I use a Dremmel for nail trimming myself, they're very easy to handle, very fast, can come with a charger, and you can literally not quick the dog! Here's a good guide to get the general idea if you are interested in one:
http://homepages.udayton.edu/~jmerenski1/doberdawn/index.html


----------



## sonatalady7 (Apr 4, 2011)

Very interesting, Enneirda! 

Bella doesn't like the noise of the clippers, do the dremmels sound like that?

She gives a suggestion to use panty hose for long haired dogs. Do you? Sounds like a great idea to me! 

Has anyone tried the trimmers with the sensor in it? They're kind of expensive, but worth it to not do that again!!


----------



## Enneirda. (Mar 5, 2010)

> Bella doesn't like the noise of the clippers, do the dremmels sound like that?


Dremmels sounds like sanders. Theres a werrrrr sounds when it's on, and a slight grating as it files the nail.



> She gives a suggestion to use panty hose for long haired dogs. Do you? Sounds like a great idea to me!


All my dogs have poodle feet (fur shaved very short up to the wrist joint) and I never trim their leg hair, so I just hold it down as I hold their leg normally. I have heard a panty hose or sock work well for fuzzy feet, I would give it a try. 

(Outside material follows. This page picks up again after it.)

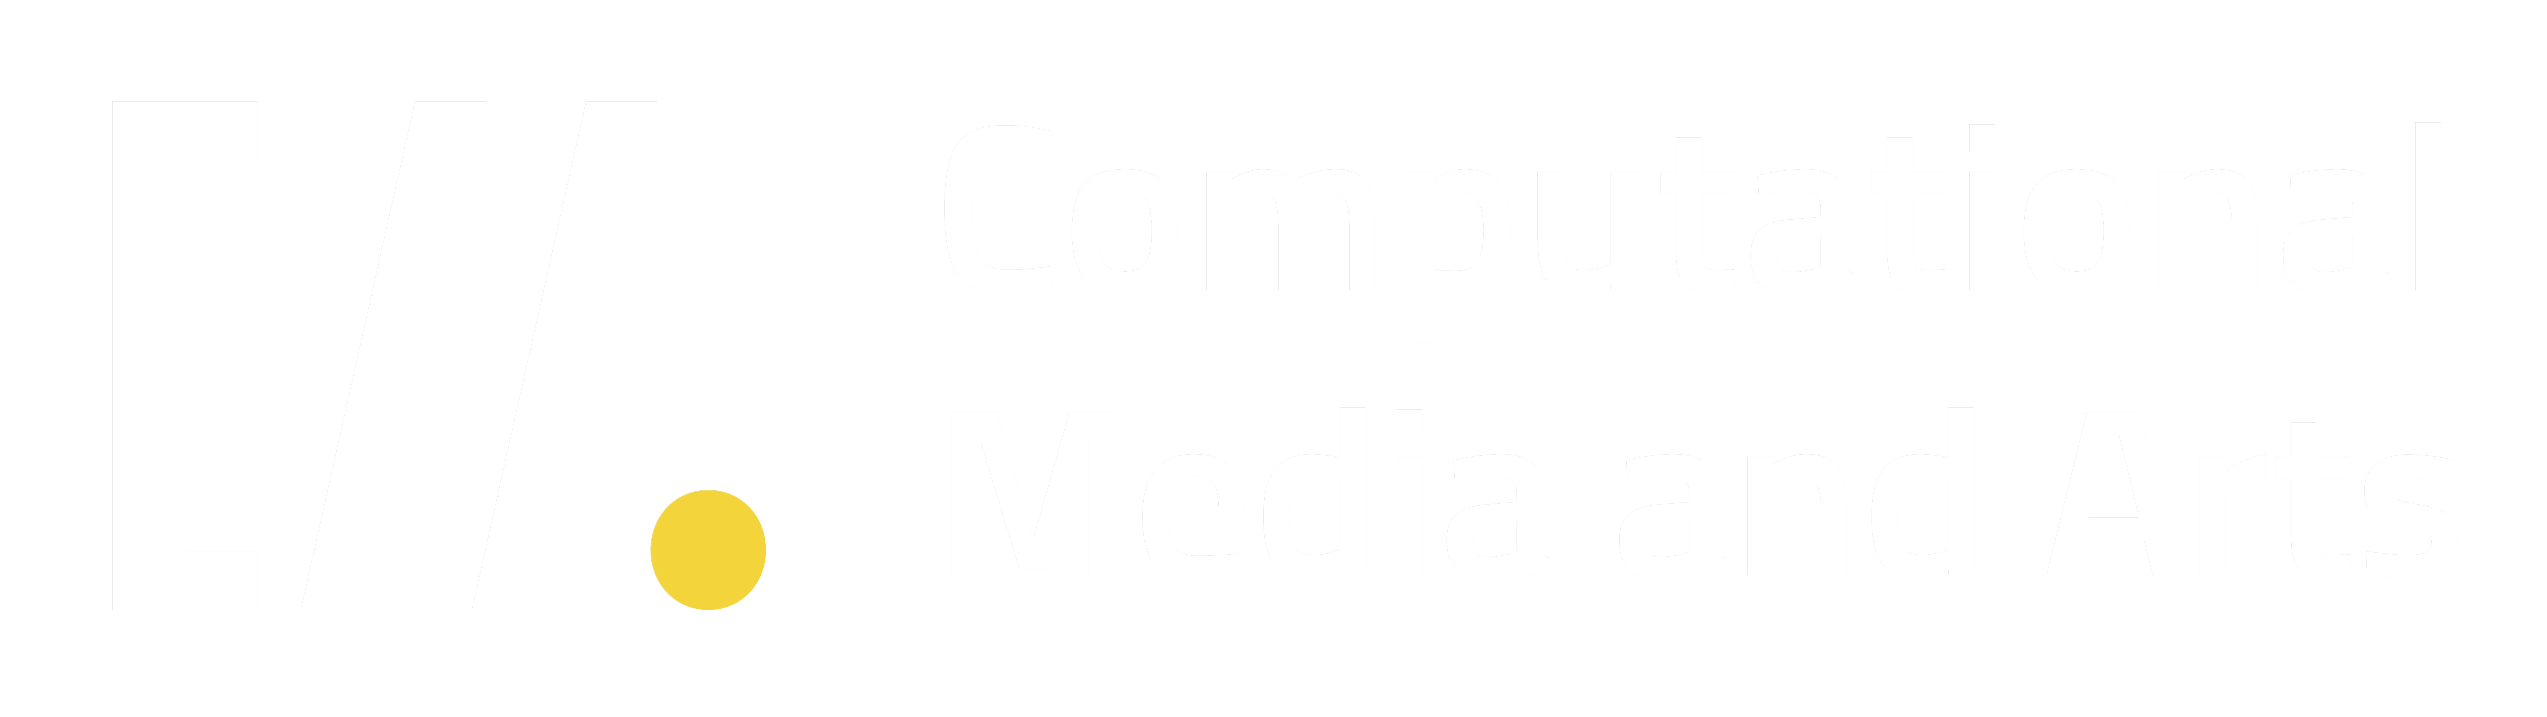 Computational Media and Arts (CMA), HKUST (GZ)

> Has anyone tried the trimmers with the sensor in it? They're kind of expensive, but worth it to not do that again!!


Would you mind linking to one? I don't think I've seen one like that.


----------



## lady amanda (Nov 26, 2010)

I've seen those at pet smart, thy are the gilloteen stlye
http://www.petsmart.com/product/index.jsp?productId=11147419&lmdn=Grooming


----------



## weez74 (Feb 9, 2011)

It sounded like a really good product, so I googled it to see if they are sold in the UK and came across a load of bad reviews on Amazon 

http://www.amazon.com/MiracleCorp-P...rtBy=bySubmissionDateDescending#RWC4O0DJEZM4I


----------



## lady amanda (Nov 26, 2010)

Wowzer that is alot of bad reviews....that sure won't be on my list of must haves


----------



## Tressa (Aug 31, 2010)

Thank goodness you googled it before any of us bought one thinkng it would keep our doggies safe. I was just thinking that I am going over to see my daughter in Daytona in a couple of weeks and would get one there. I have never clipped Teddy's nails (too afraid I would hurt him) so took him to the vet - what did he do? Cut the poor wee thing's quick! Ouch.


----------



## Enneirda. (Mar 5, 2010)

From those reviews I wouldn't touch that thing with a ten foot poll lol. It looks cool, but obvious doesn't work well at all...

This is my dremmel, if anyone would like to see it: http://www.mytoolstore.com/dremel/7700-02.html


----------